The combination of polymers according to the invention is not only a blend of at least two polymers, but also includes the combination of at least two polymers to form a homopolymer.
Preferably, the number average molecular weight of the polymer is 10000-.
Preferably, the surfactant comprises any one of polyoxyethylene cetyl ether, polyoxyethylene octylphenol ether-10 or polyethylene oxide-polypropylene oxide-polyethylene oxide triblock copolymer or a combination of at least two of the above;
preferably, the surfactant has a number average molecular weight of 3000-10000, which may be, for example, 3000, 4000, 5000, 6000, 7000, 8000, 9000 or 10000, but is not limited to the recited values, and other unrecited values within the range of values are equally applicable.
Preferably, the gumming solvent comprises any one or a combination of at least two of water, acetone, ethanol, dichloromethane, methanol, diethyl ether or pentane; typical but non-limiting combinations include acetone and ethanol, ethanol and dichloromethane, dichloromethane and methanol, methanol and diethyl ether, diethyl ether and pentane, ethanol, dichloromethane and methanol, dichloromethane, methanol and diethyl ether, methanol, diethyl ether and pentane, or water, acetone, ethanol, dichloromethane, methanol, diethyl ether and pentane.
Preferably, the sizing slurry further comprises 0.01 to 10 wt% of a viscosity modifier, and the mass percentage of the viscosity modifier in the sizing slurry is 0.01 to 10 wt%, for example, 0.01 wt%, 0.05 wt%, 0.1 wt%, 0.5 wt%, 1 wt%, 2 wt%, 3 wt%, 5 wt%, or 10 wt%, but not limited to the recited values, and other values in the range of values are also applicable.
Preferably, the viscosity modifier comprises ethylene glycol and/or glycerol.
Preferably, the gumming slurry is prepared by the following method: mixing a polymer, a surfactant and a gluing solvent according to the formula ratio to obtain a mixture, and treating the mixture by ultrasonic waves to uniformly mix the mixture to obtain the gluing slurry.
Preferably, the mixture also comprises a viscosity regulator.
Preferably, the time of the ultrasonic treatment is 2 to 6 hours, for example, 2 hours, 3 hours, 4 hours, 5 hours or 6 hours, but is not limited to the recited values, and other values not recited in the numerical range are also applicable.
The invention provides the dispersion uniformity of the polymer and the surfactant in the mixture by an ultrasonic treatment mode.
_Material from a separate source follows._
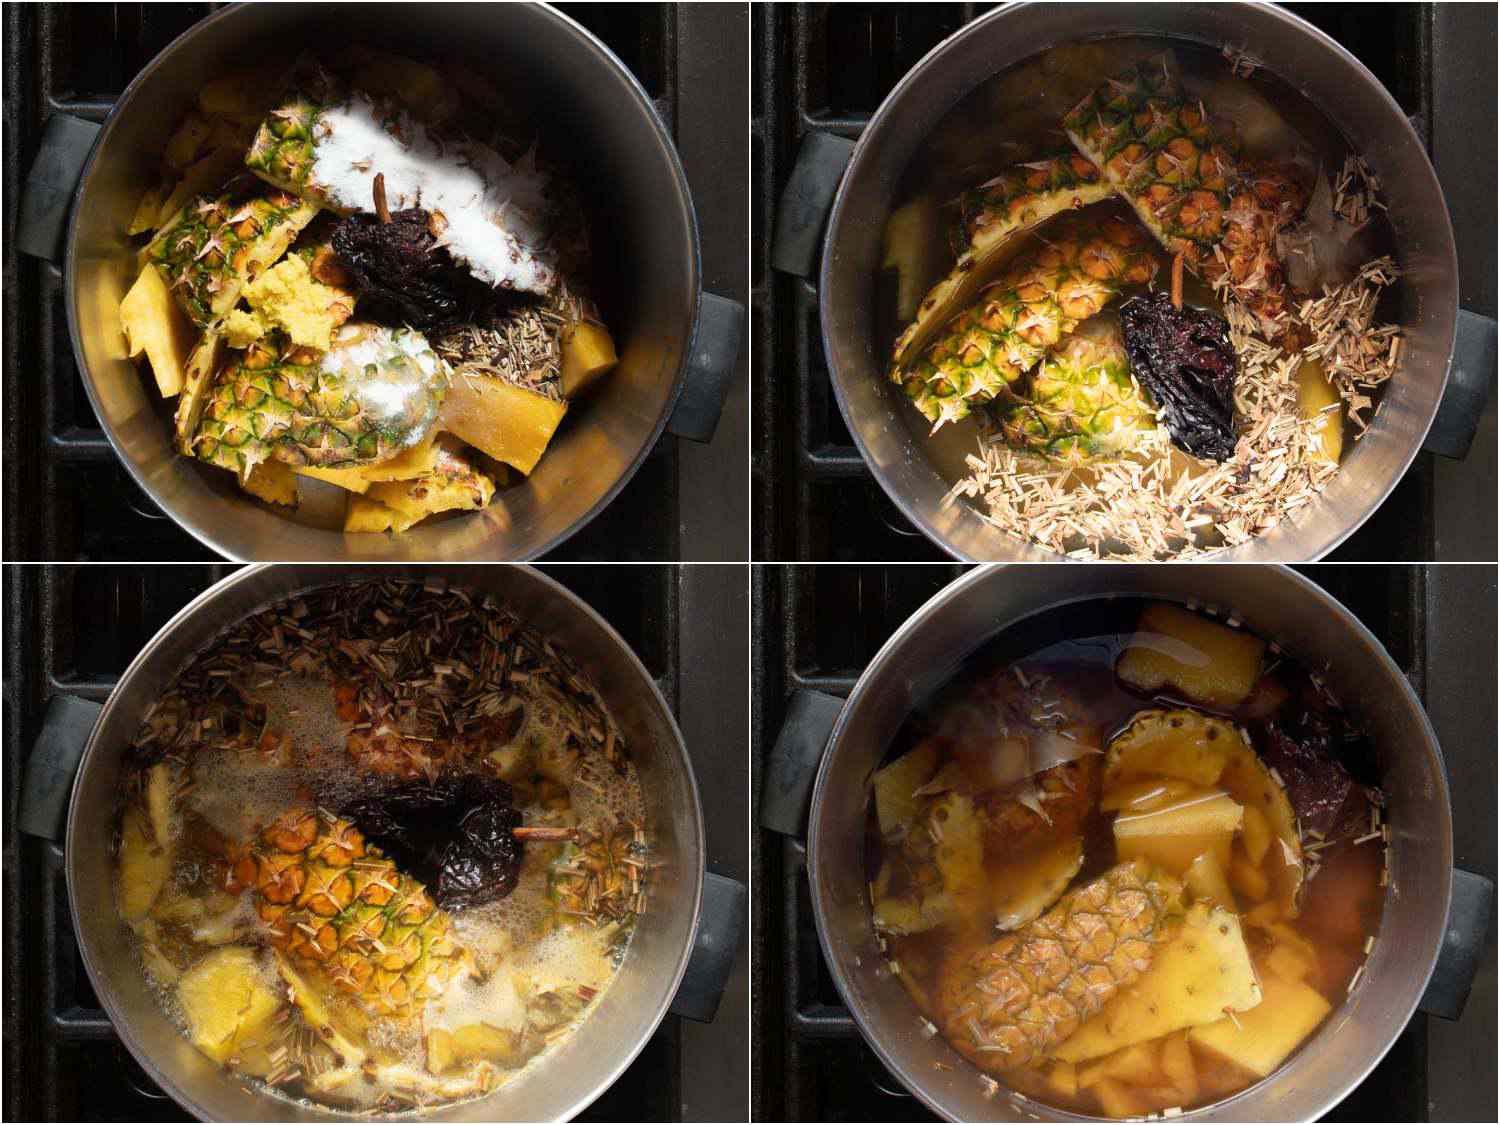 拼贴:菠萝核和菠萝皮，糖，辣椒和香料在锅里;水说;慢炖后的;在烹饪gydF4y2Ba
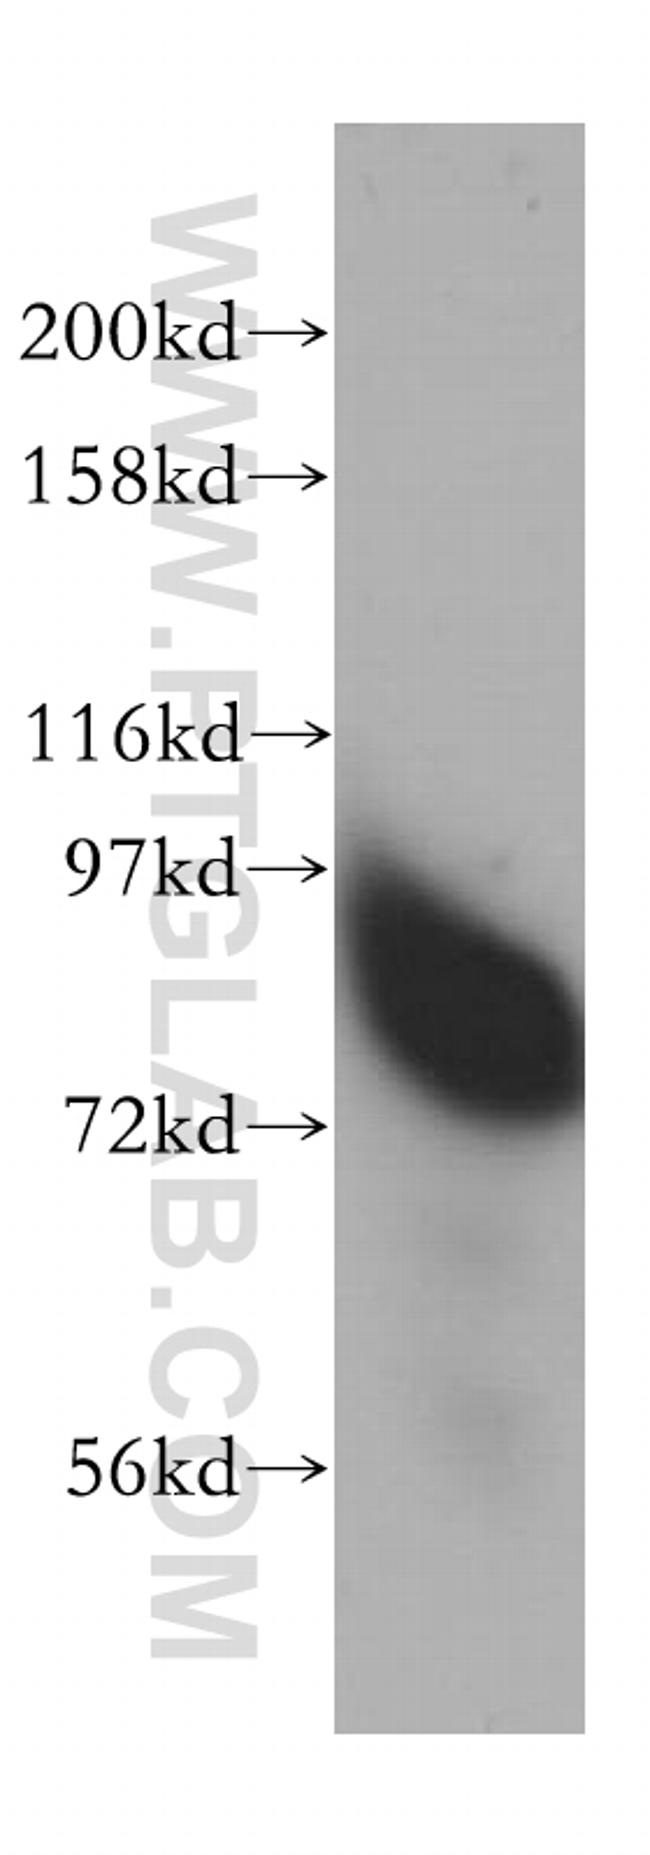 RMI1 Antibody in Western Blot (WB)

The present invention does not specifically limit the frequency of ultrasonic treatment, and those skilled in the art can set the frequency appropriately as needed.
Preferably, the separator substrate is a separator substrate provided with a ceramic coating.
Preferably, the thickness of the ceramic coating is 5 to 40 μm, and may be, for example, 5 μm, 10 μm, 15 μm, 20 μm, 25 μm, 30 μm, 35 μm or 40 μm, but is not limited to the recited values, and other values not recited in the numerical range are equally applicable.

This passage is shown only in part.